I have this general feeling based my 21 years bouncing around Europe that subtitle countries have better English than dub countries, although I'm not proposing that the link is causative
It's definitely a contributing factor. Living in the Netherlands, Dutch kids learn English through Youtube and Tiktok. Since it's a small country there's less Dutch spoken online, as opposed to German which has dubs for a lot of movies / TV shows.
My perception from traveling to 40+ countries is that countries where dubbing is common do so for the reason that the population is more illiterate and lower-educated in general, and that trend just extends to having less fluency in other languages.
There are many reasons for the distinction, culture and money being chief among them.
Dubbing is far more expensive than subs. So countries like Germany or France would be more likely to afford it. They're also countries which try to promote the use of their language for historical and national pride reasons (as opposed to Anglicization of everything) so it makes them even more likely to have dubs. They also had dubbing for so long that it became cultural and maybe even expected.

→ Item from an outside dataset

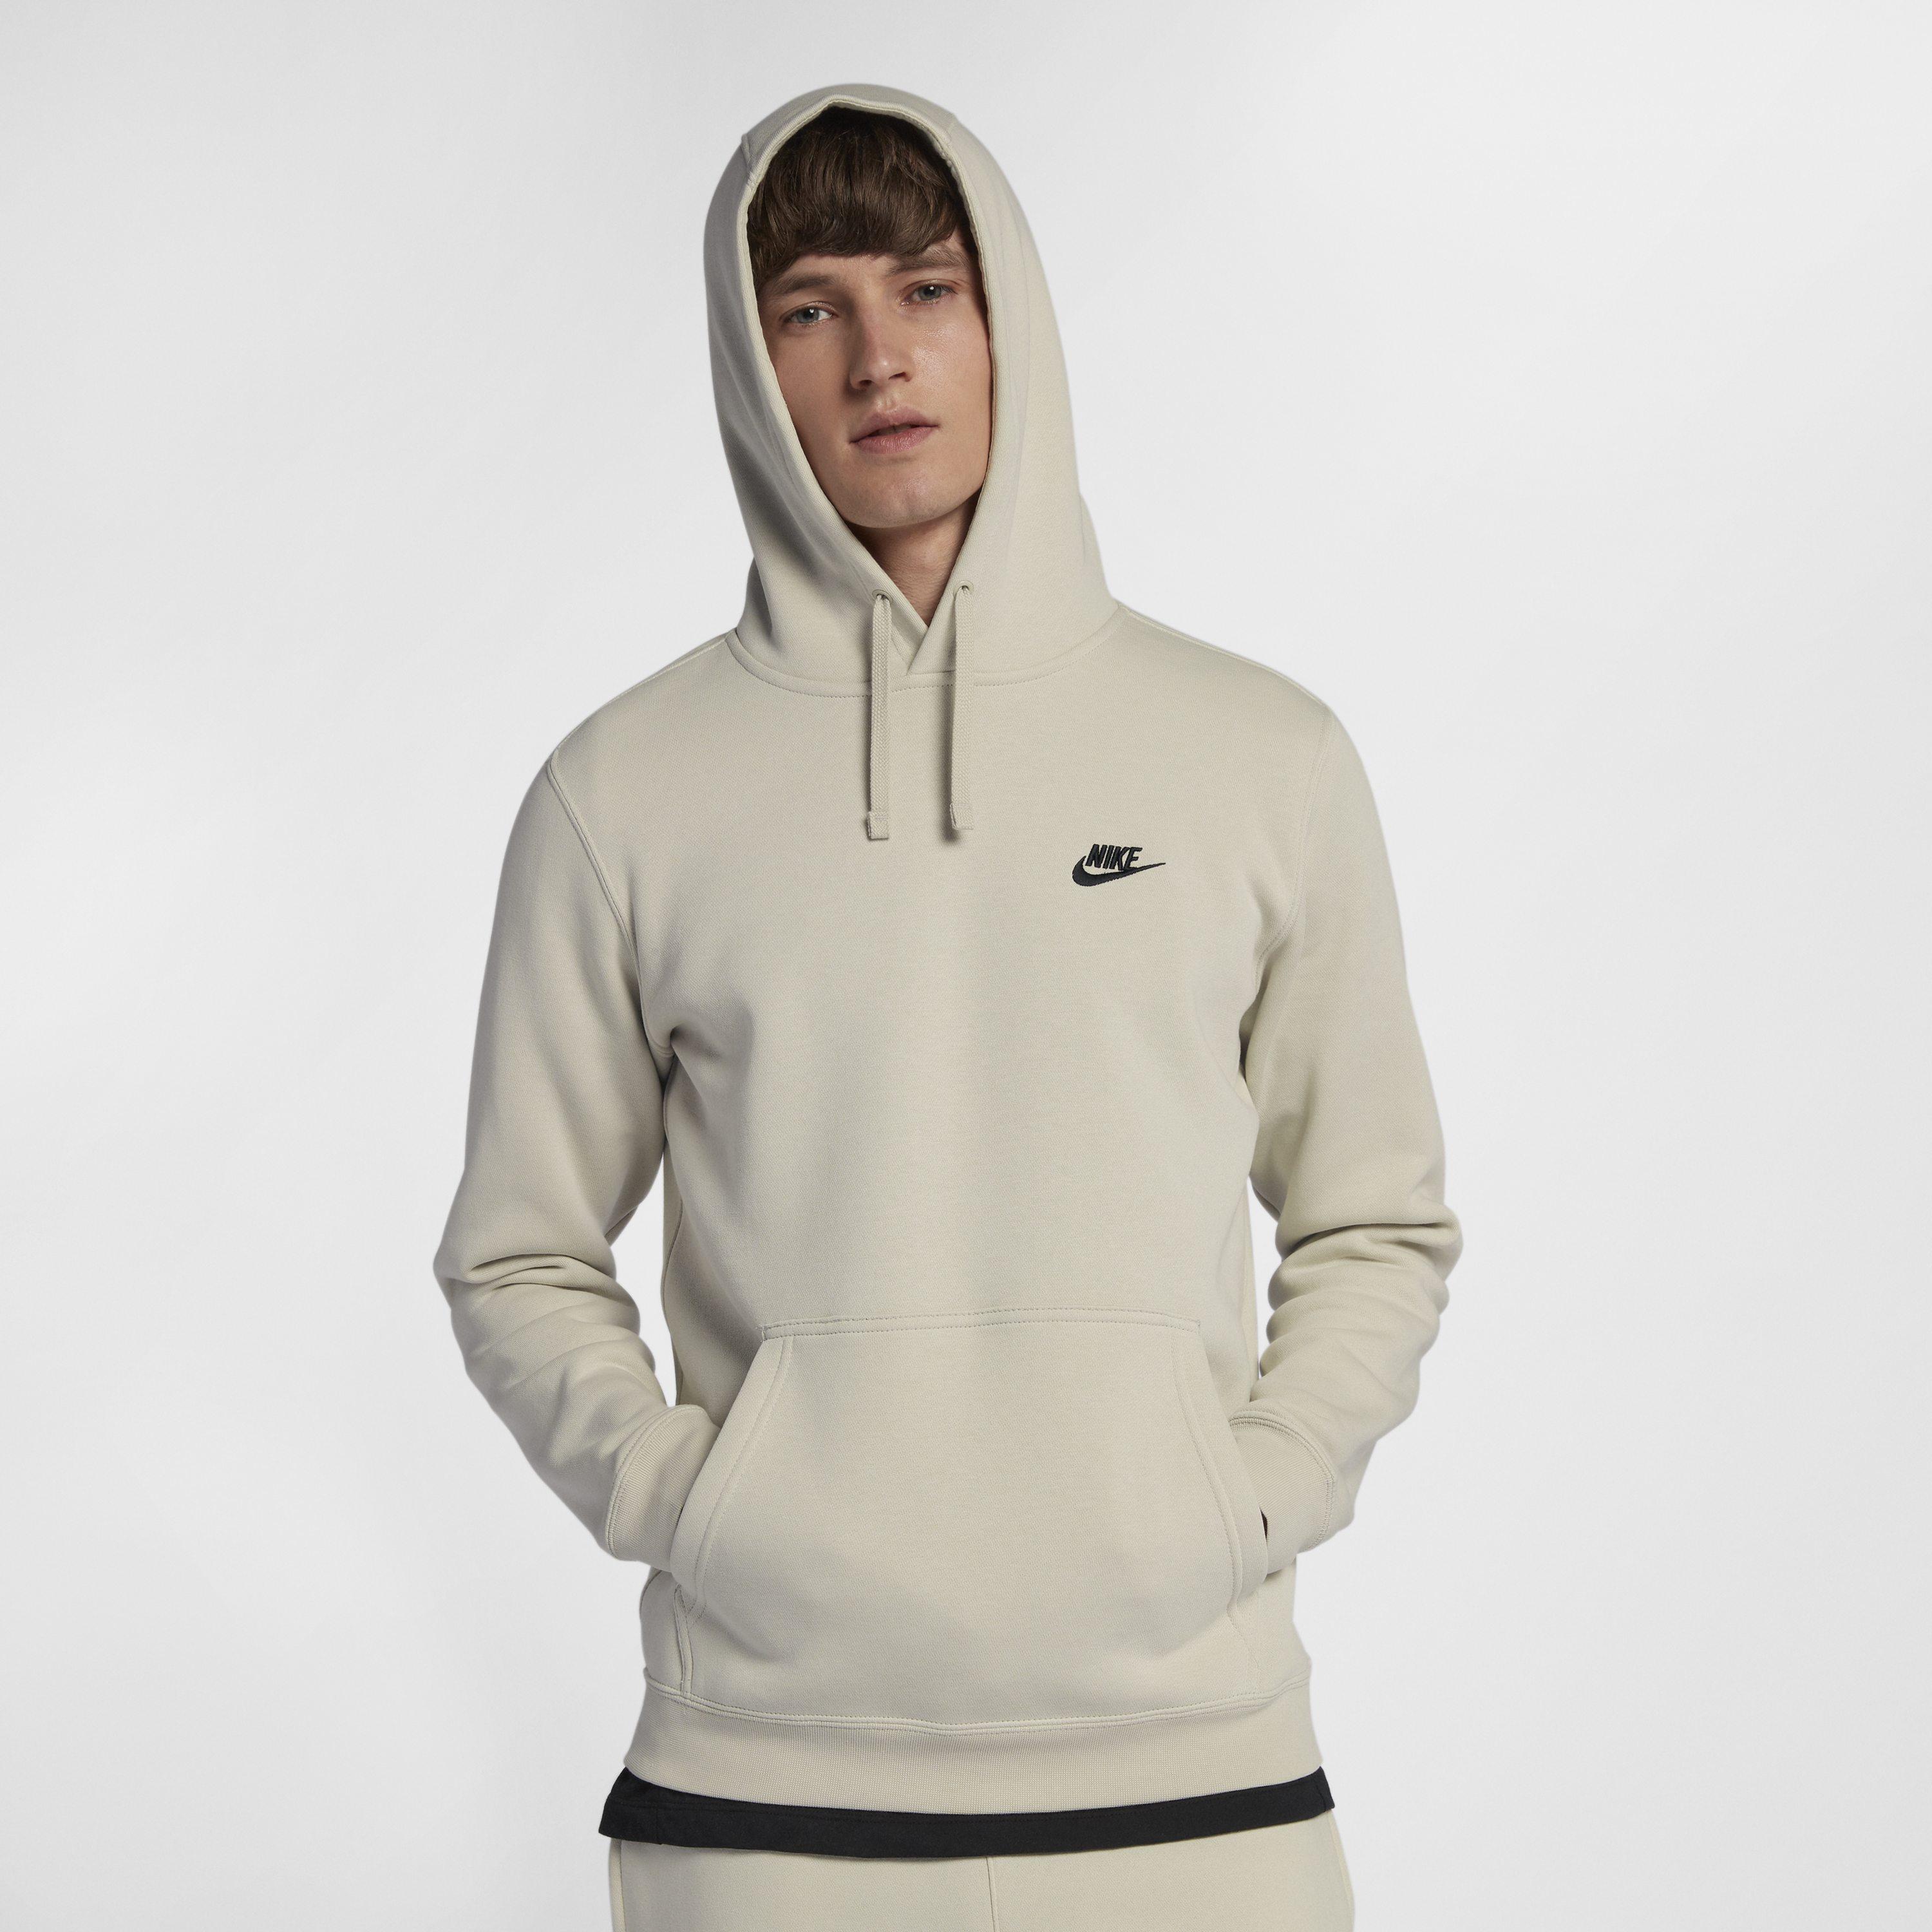 Nike Fleece Sportswear Pullover Hoodie in Cream (Natural) for Men - Lyst

Contrast that with countries like the former Eastern block which had no foreign material to speak of until the '90s, and when they finally did they couldn't afford dubbing, so they went with the quick and easy route of subs. They also probably have fewer aspirations for the promotion of their own language and priorities practicality over pride, embracing foreign languages faster.
I don't think that is true. France is a highly educated country, while for them dubbing is a part of culture. I would say the same applies to Japan and China. I'm neither one of these nationalities.
It's just smaller vs. larger languages making dubbing more worth the cost. Education in France and Germany isn't worse than elsewhere in Europe. People there do speak English slightly worse and with a stronger accent on average.